Hierzu muss sie sich aus ihren „klinischen Burgen“ vermehrt in das direkte Lebensumfeld der Jugendlichen hineinbegehen und dort ihre Mitwirkung oder Behandlung ansiedeln, wo die Jugendlichen leben.“
Kinder und Jugendliche mit Verhaltensauffälligkeiten und in Krisen finden sich aber nicht nur in der Kinder- und Jugendpsychiatrie. Für sie alle gibt es ein ?Davor? und ein ?Danach?. Überhaupt gelangen nur die Wenigsten von ihnen in eine solche Einrichtung. Andere finden Hilfe in ambulanten Einrichtungen, etwa einer Beratungsstelle oder Sonderschule oder finden alleine eine Lösung für ihre Situation. Viele – sowohl die Kindern und Jugendlichen als auch ihre Familien – bleiben jedoch in ihrer Not allein.

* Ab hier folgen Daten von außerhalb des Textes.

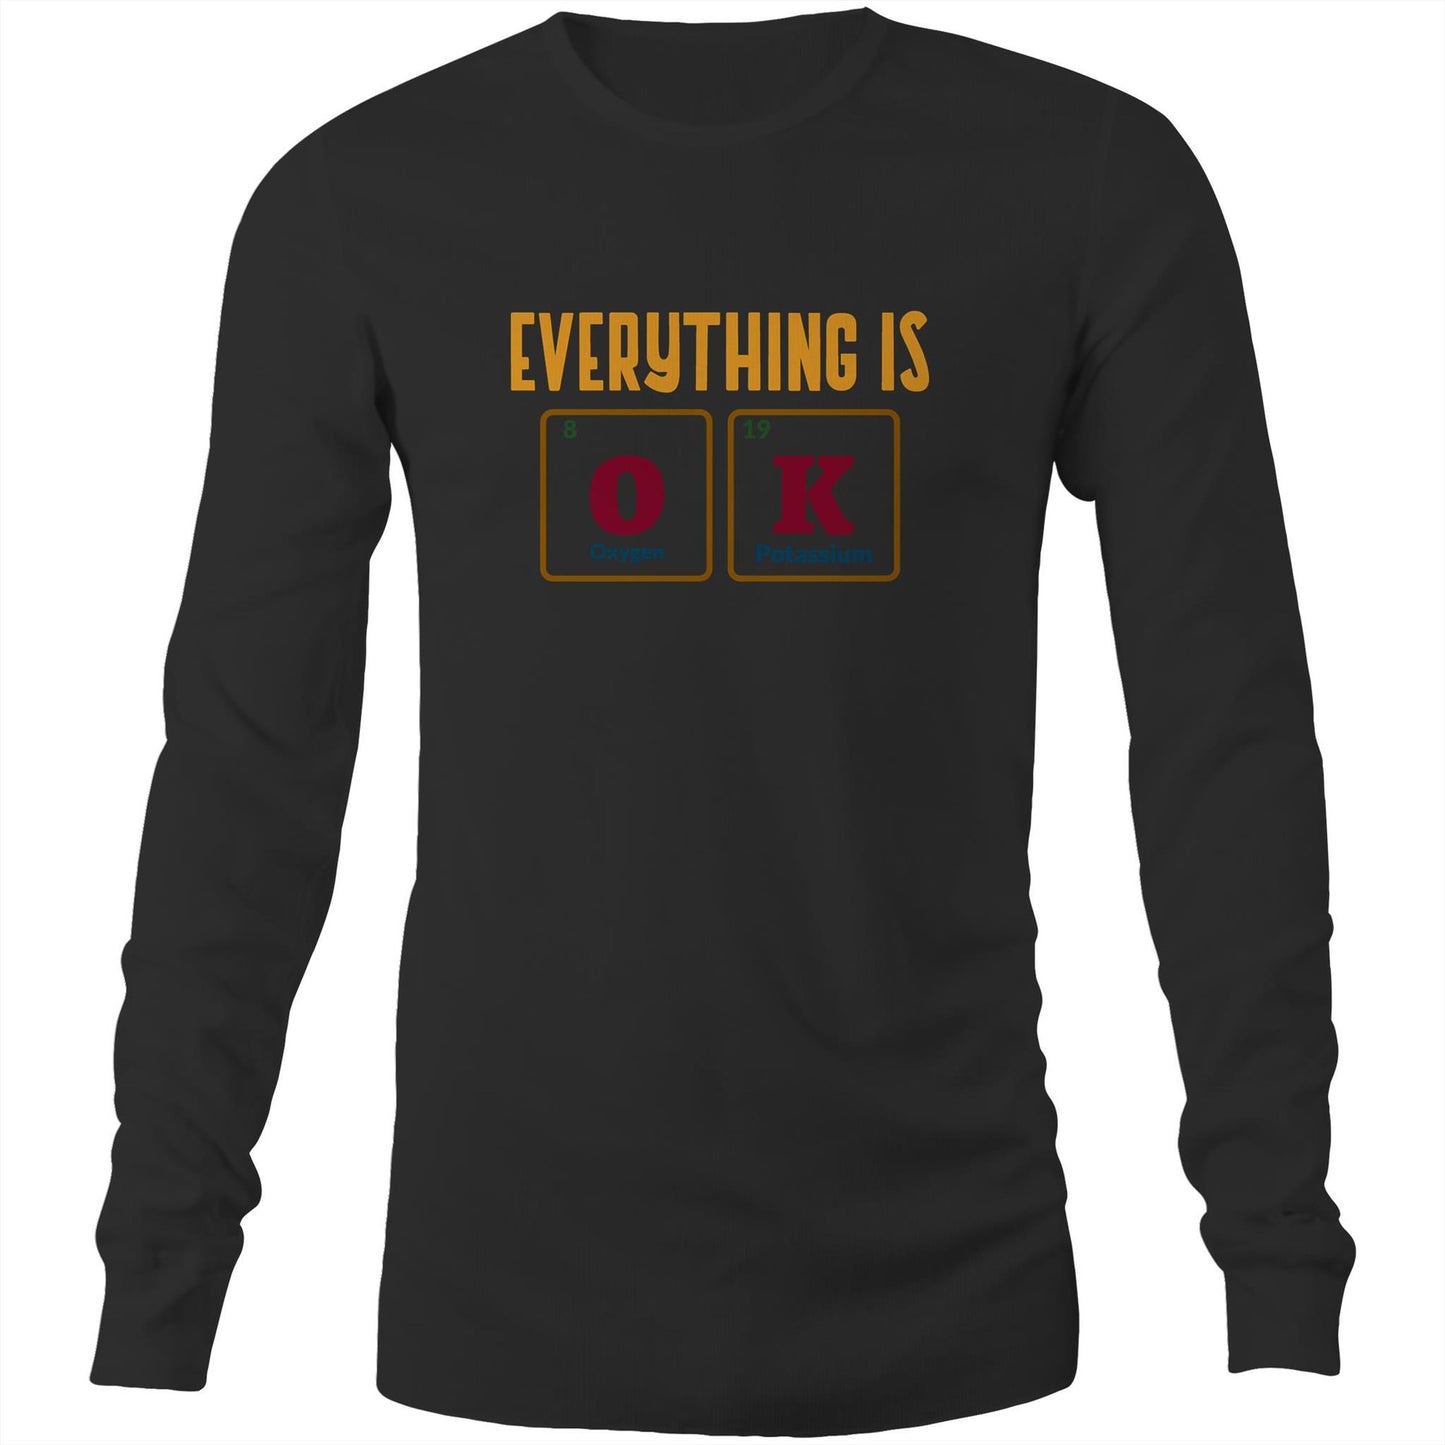 Everything Is OK, Periodic Table Of Elements - Long Sleeve T-Shirt Black Unisex Long Sleeve T-shirt Science
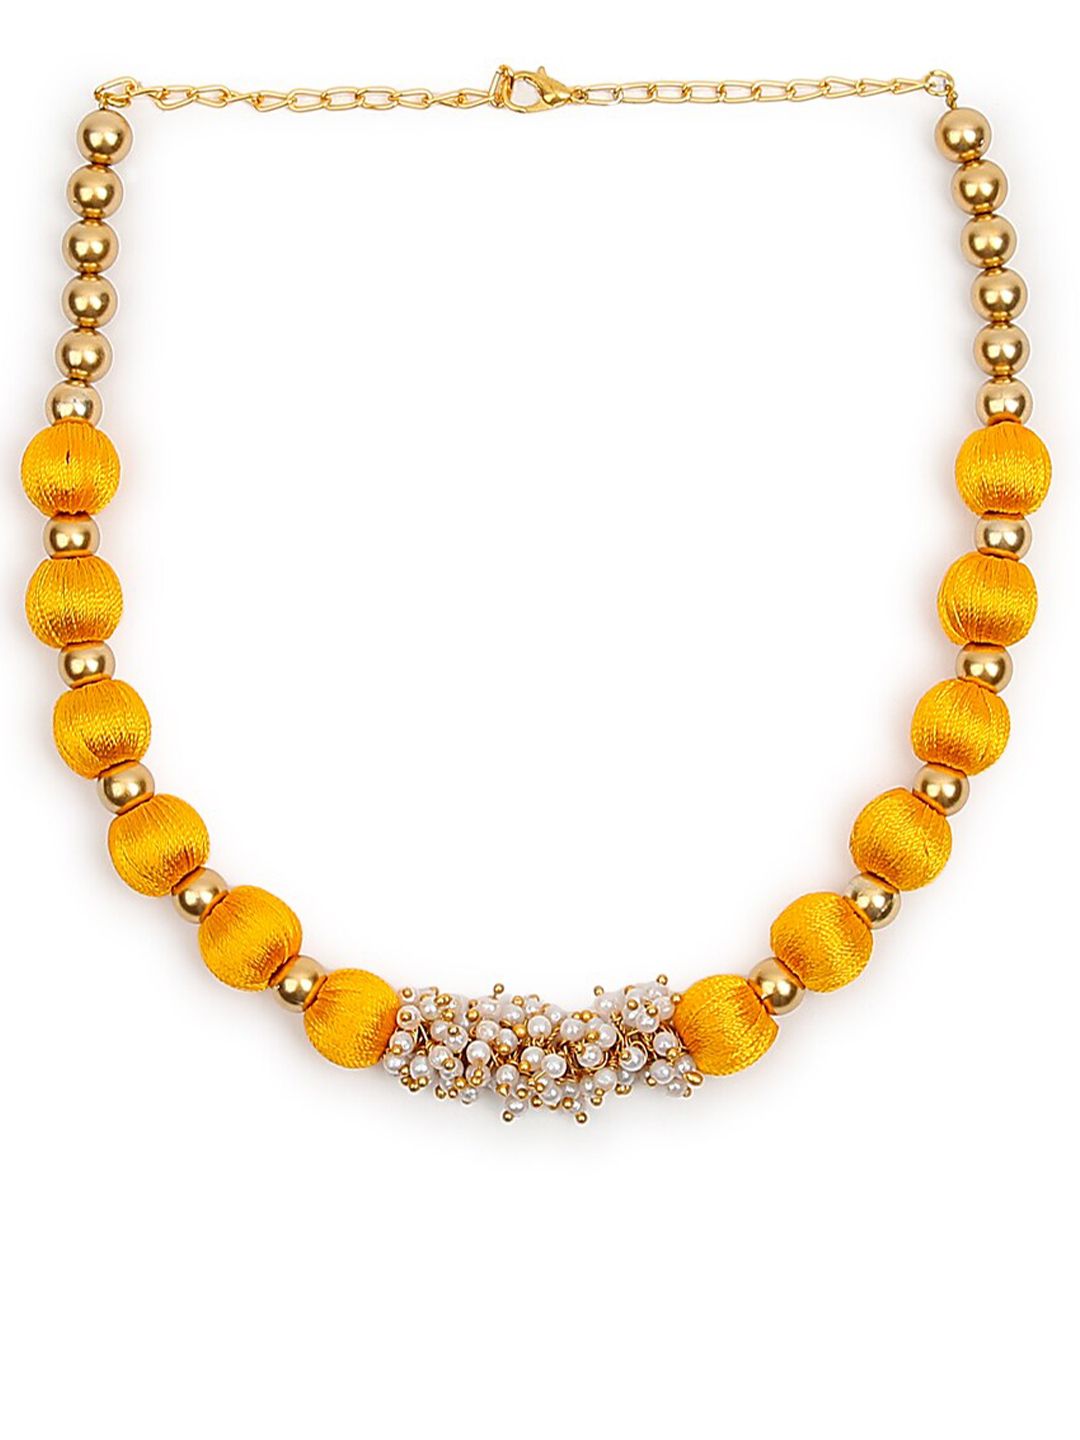 AKSHARA Gold-Toned & Yellow Choker Necklace Price in India

Aufgabe der Pastoral ist es, die Not der Kinder und Jugendlichen mit Verhaltensauffälligkeiten, mit psychischen Störungen und in Krisen wahrzunehmen, egal wo sie vorkommen, sei es in einer Kinder- und Jugendpsychiatrie oder in der Gemeinde vor Ort und ihnen Wegbegleiter auf ihren ungeraden Wegen zu sein, ihnen Hilfen anzubieten bei der Bewältigung ihrer besonderen Lebenssituation und der Frage nach dem Sinn dessen.
Darüber hinaus ist es Aufgabe der Seelsorge, ihre Möglichkeiten dafür einzusetzen, dass diese Kinder und Jugendlichen, die – sei es im Vorfeld ihrer „Erkrankung“ oder als Folge daraus – die verschiedensten Verlusterfahrungen gemacht haben, im Raum von Kirche und Gesellschaft eine Beheimatung finden können und dass Vorurteile ihnen gegenüber abgebaut werden. Dabei sind immer auch die eigenen Möglichkeiten und Grenzen als Seelsorger zu beachten. Sinnvoll und notwendig ist in solchen Fällen eine Vernetzung und Kooperation von Seelsorge vor Ort mit Hilfseinrichtungen des psychosozialen Netzes.